Solution: Re-enforce the basic idea that human persons cannot be used as objects. Remember the dignity, value, and destiny of the human person in God's plan.
4. "Freedom from" Syndrome: This is a popular media message today. Those who convey this message are always pushing for freedom from something: housework, pregnancy, being fat, responsibilities, Church rules - you name it. Up to a point this attitude can be legitimate. But what is never mentioned is that there is a freedom to such things as to love, to give, to forgive, and so on. We should not always be comparing ourselves to others; we should be following Christ, in order to find God and make a gift of ourselves.

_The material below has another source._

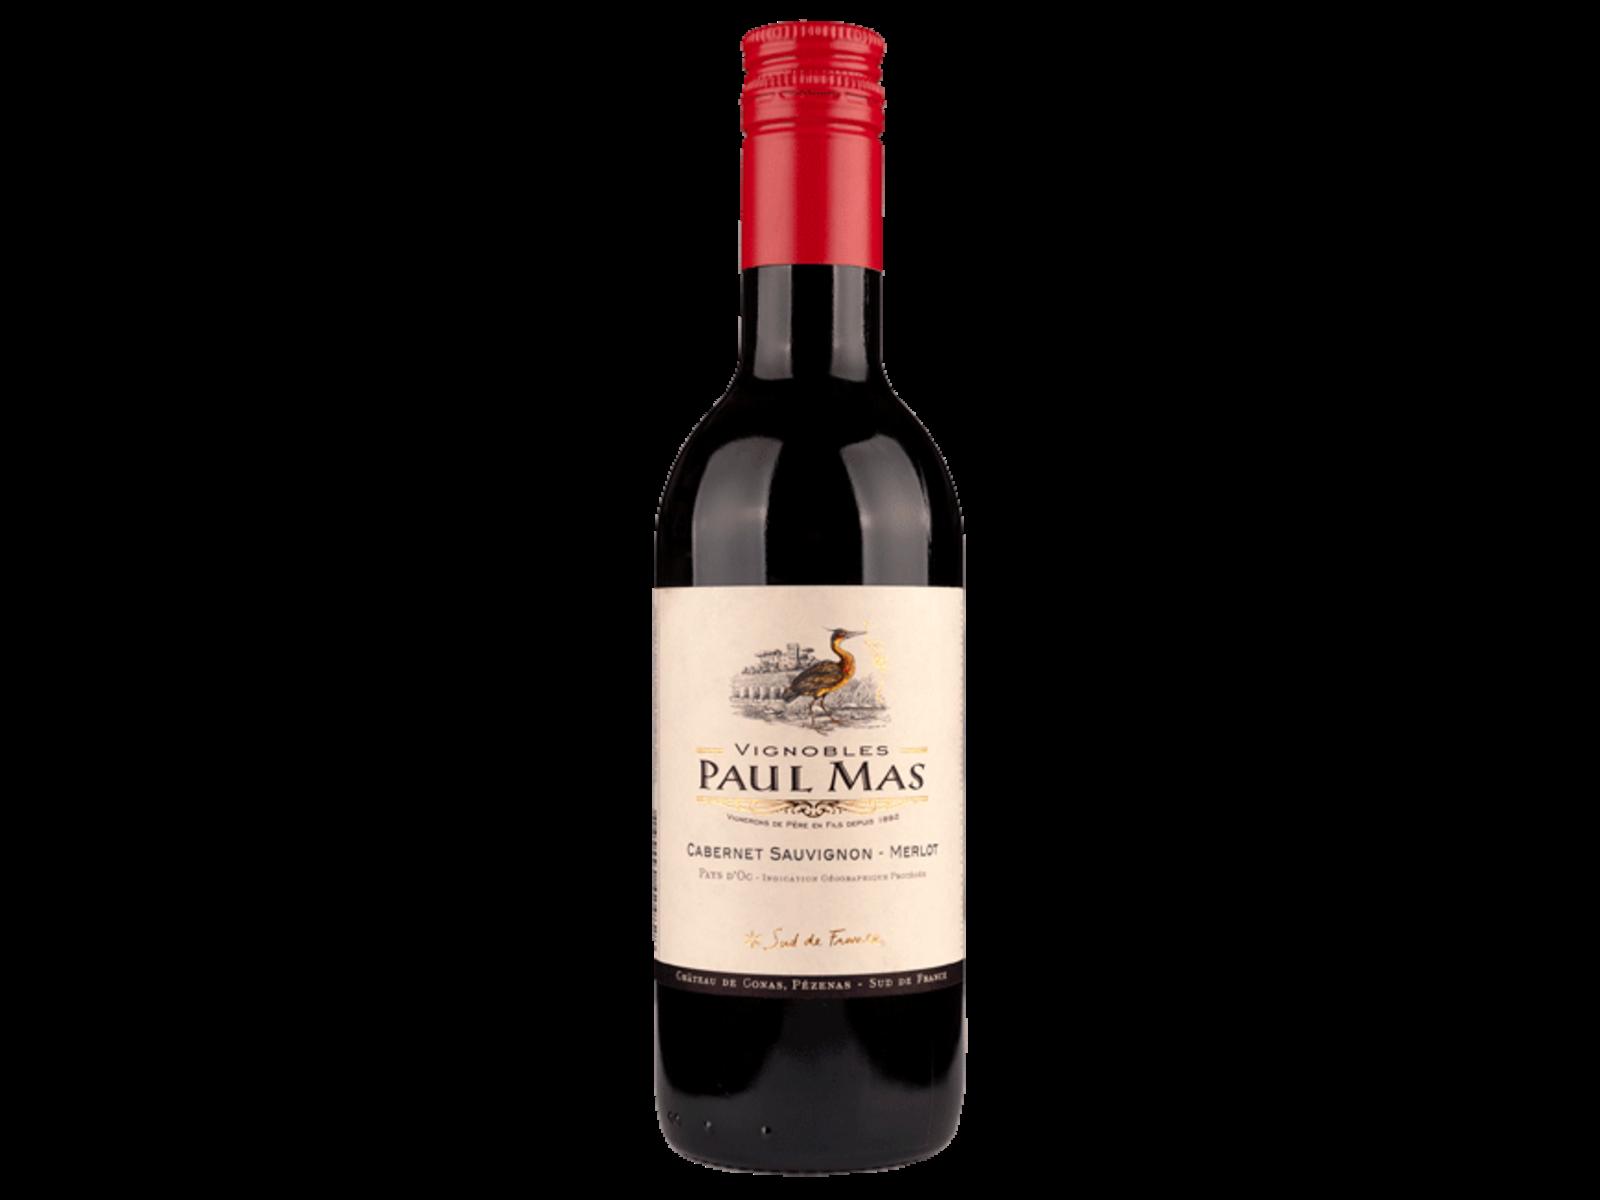 Domaines Paul Mas Paul Mas / merlot - cabernet

Solution: Remind yourself that true happiness comes from self-giving and union with God.
5. "Overspiritualization": Sometimes we overspiritualize -downplay meaning of the body in God's plan for us.
Solution: Remember that Jesus came to save a whole person: body and soul, not just soul. Live out your feminine nature and originality; reconfirm your call to self-giving and to motherhood.
(The temptations listed here are taken from a talk by Katrina Zenol: "The Genius of Women" by Katina Zeno. Our Father's Will Communications, PO Box 27 Bulverde, TX 78163. 866-333-6392, www.ofwcmedia.com)
Our choices matter. We have a Redeemer and we have been given the means to understand human dignity and to live in accordance with human dignity, but we are still affected by original sin and thus we still can make sinful choices. It is our duty to make the right ones.